There is no package because it's part of the base OS. However, there is a sysutils/megacli port which provides the MegaCli command line tools. This is also downloadable from Avago's website.


----------



## tobik@ (Nov 25, 2015)

marypoppins said:


> thank you very much
> I would like to use it on an another freebsd-based os, which hasn't got it. So I would like to get the package (which includes it), transfer and install on that system (hoping there is no other dependencies).
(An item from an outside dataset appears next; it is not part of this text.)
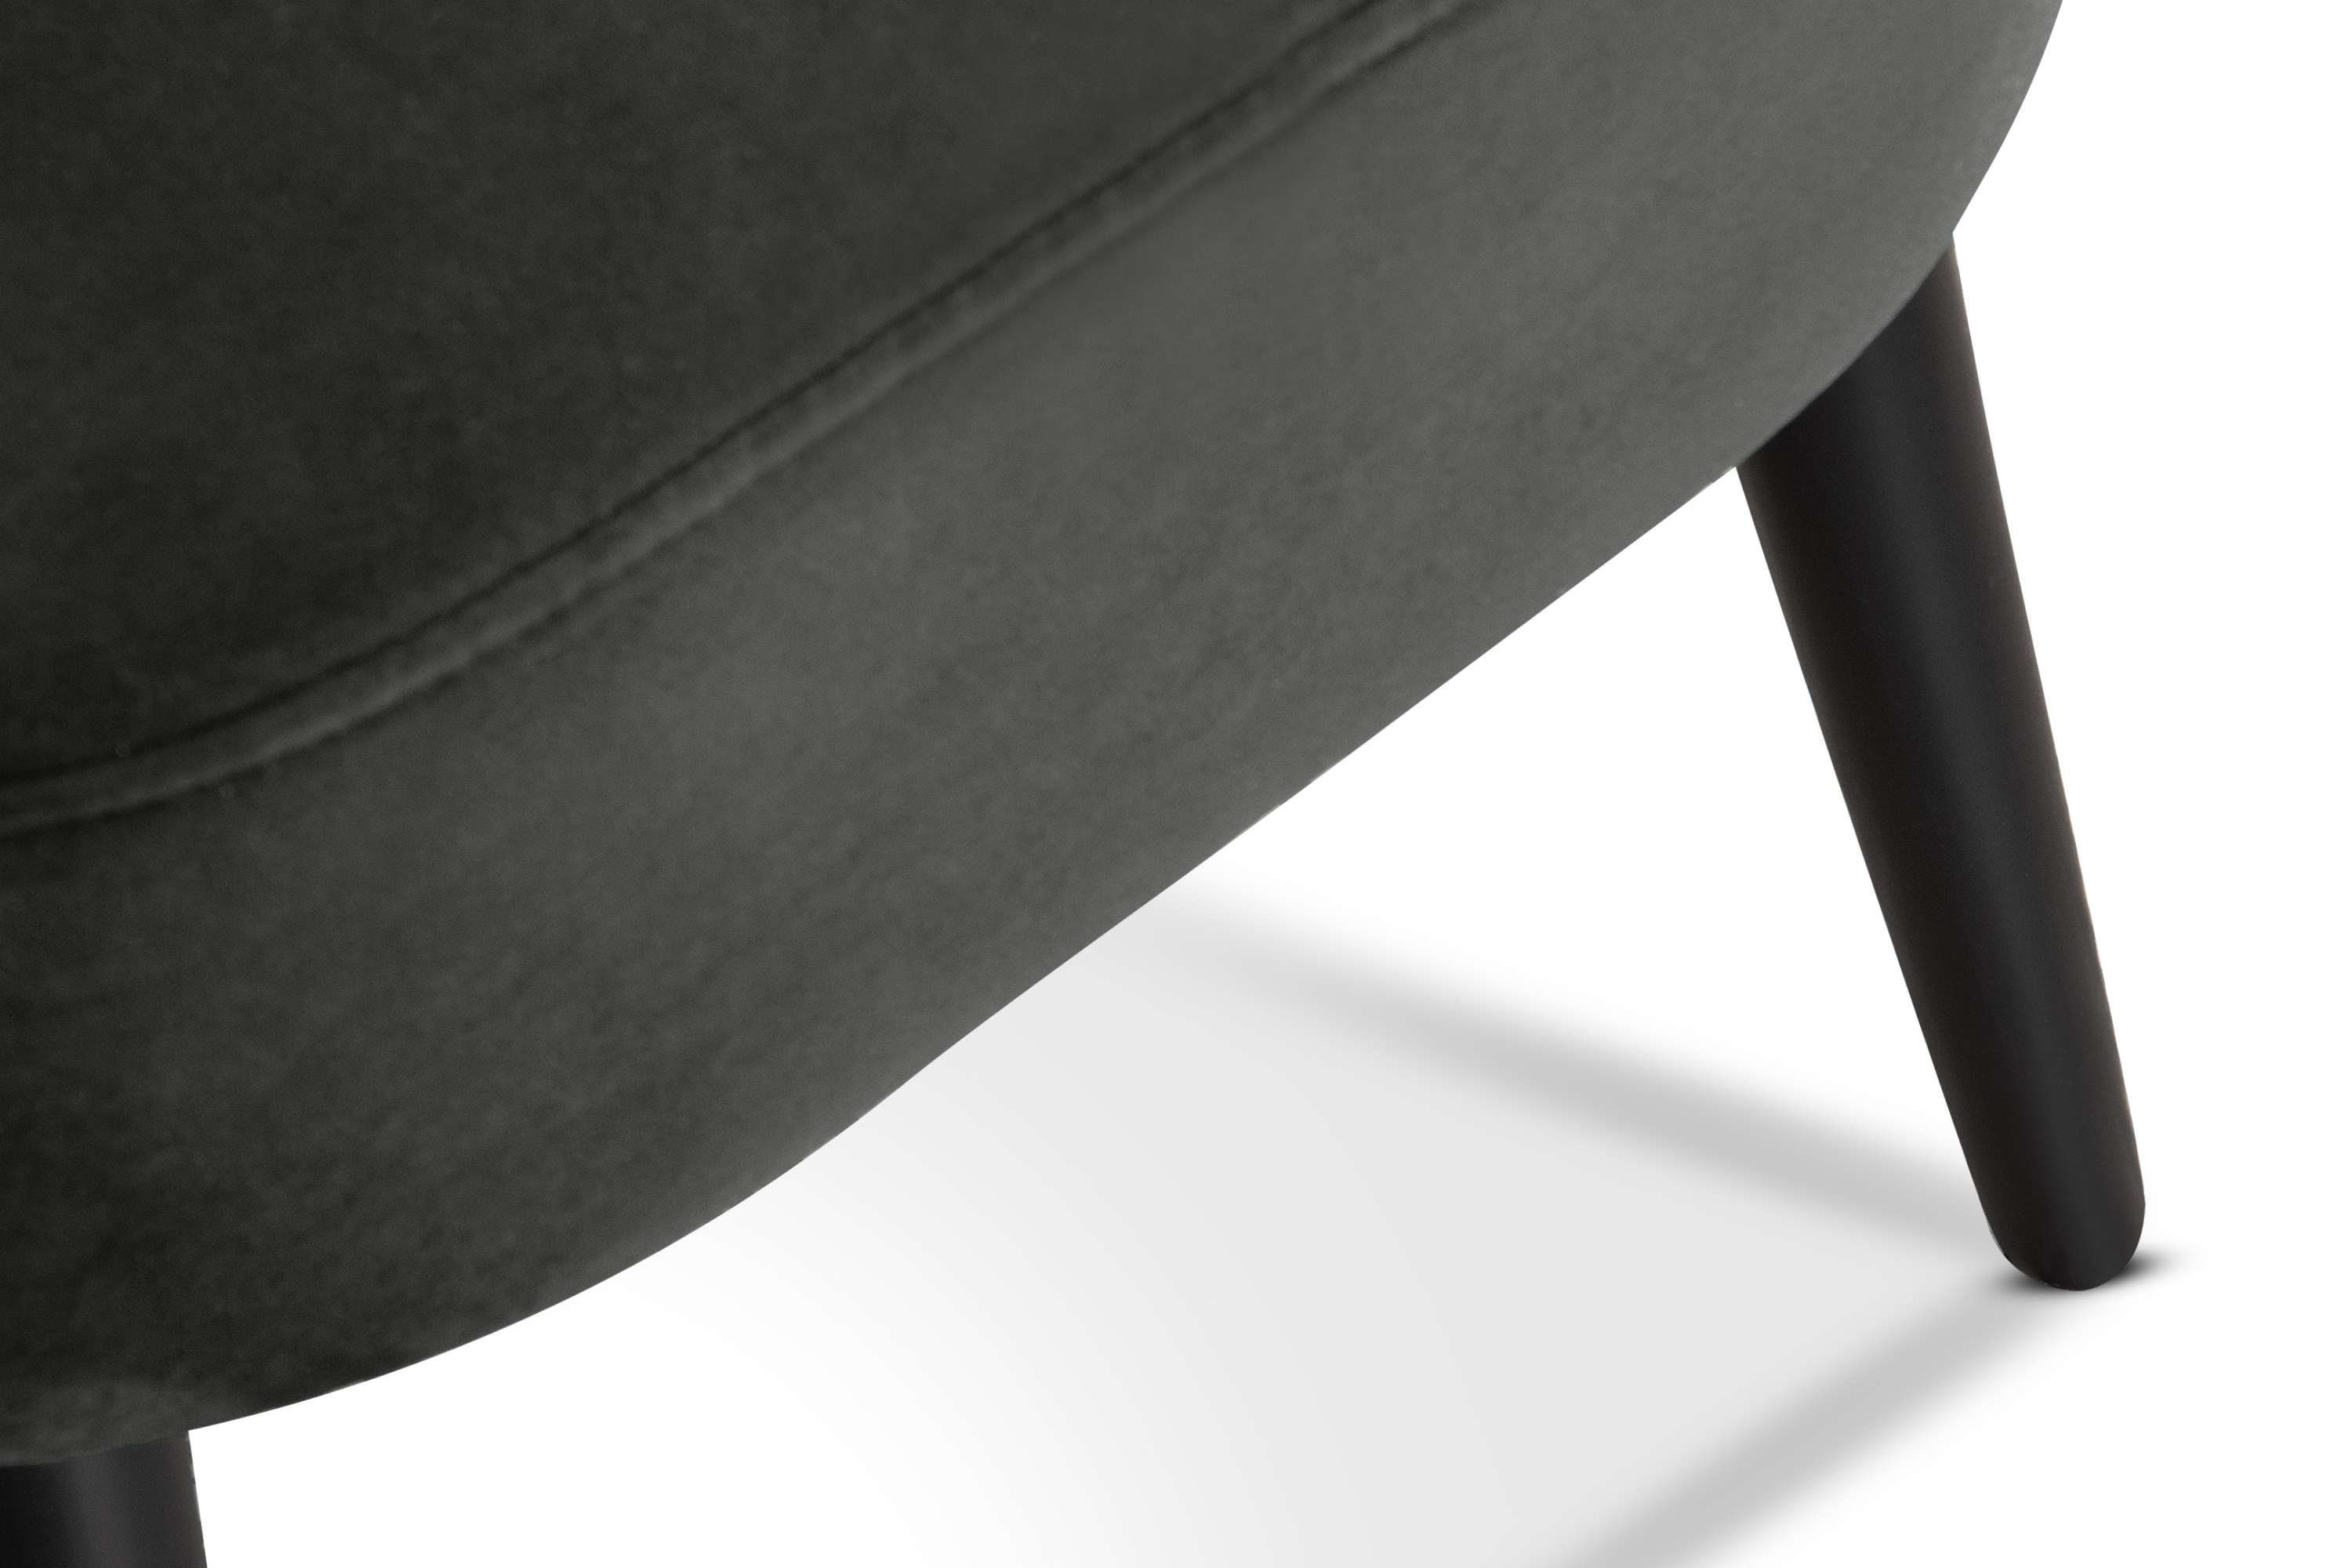 schwarz der Buchenholz Ziernaht graphit/schwarz Cocktailsessel an DUCO Beinen aus Konsimo lackierten graphit Sessel, Rückenlehne, |

Is there any way to get the binary file or the package that includes it?
> thank you


Try copying /usr/sbin/mfiutil from an existing FreeBSD install, or you could extract it from e.g. http://ftp.freebsd.org/pub/FreeBSD/releases/amd64/9.3-RELEASE/base.txz. It seems to just depend on libc and libutil.


----------



## ANOKNUSA (Nov 27, 2015)

tobik said:


> Try copying /usr/sbin/mfiutil from an existing FreeBSD install, or you could extract it from e.g. http://ftp.freebsd.org/pub/FreeBSD/releases/amd64/9.3-RELEASE/base.txz. It seems to just depend on libc and libutil.
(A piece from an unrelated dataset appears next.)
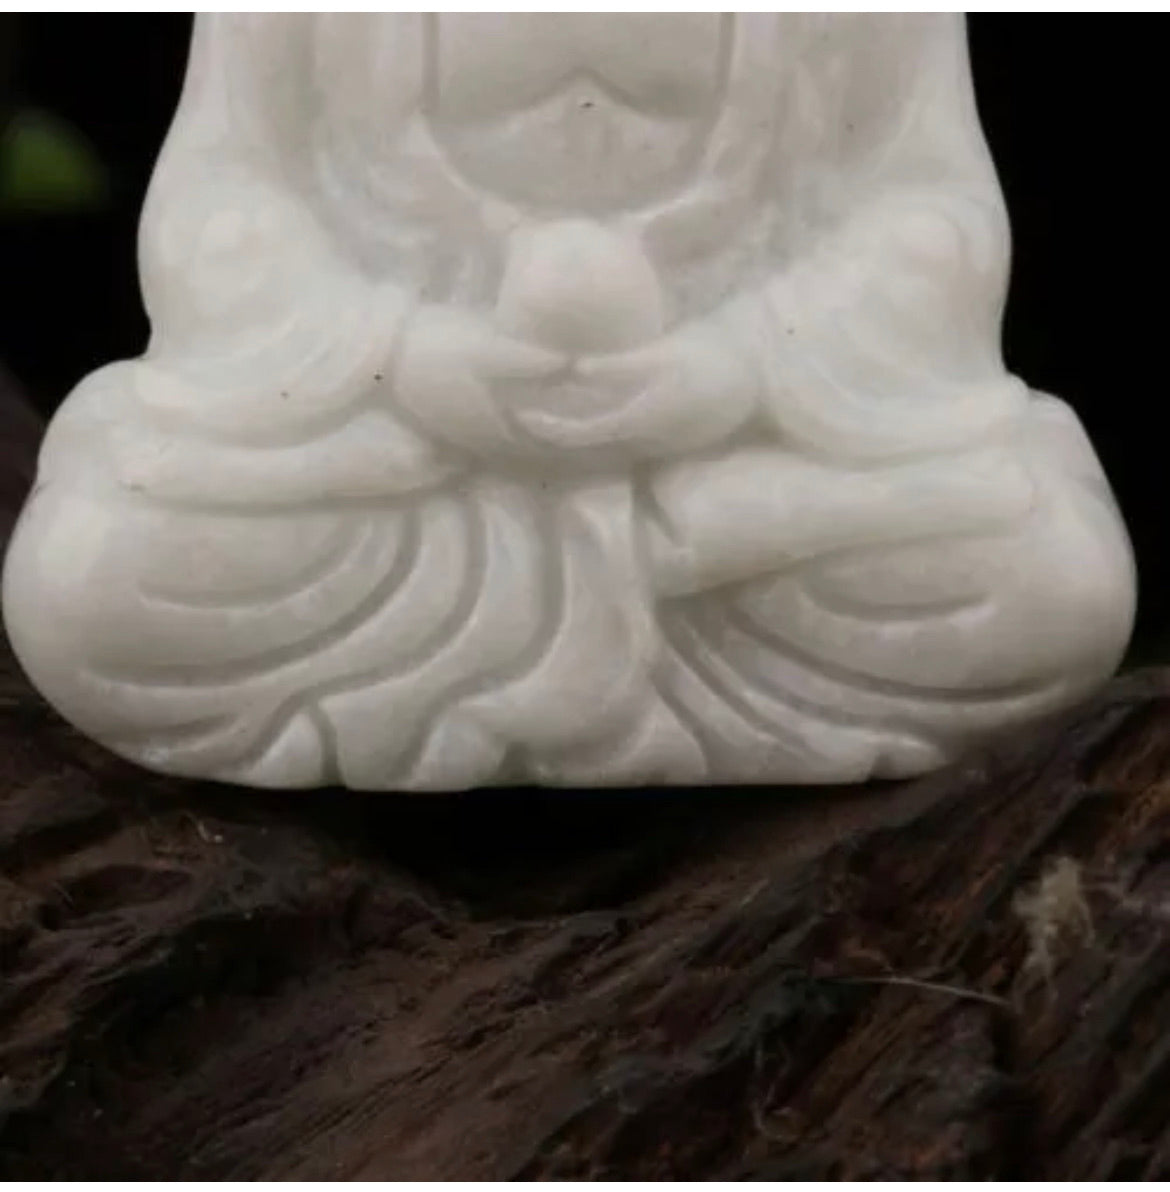 Natural White Jade Buddha figurine

If it's a choice between this and just using FreeBSD proper, just install and configure FreeBSD. It might be easier in the short-term to just copy a file over, but then again if this "FreeBSD-based" OS is incomplete, and the OP needs what FreeBSD itself has, well...

EDIT: Also, a reminder for @marypoppins . Bullet point 5 in the second list might be noteworthy.


----------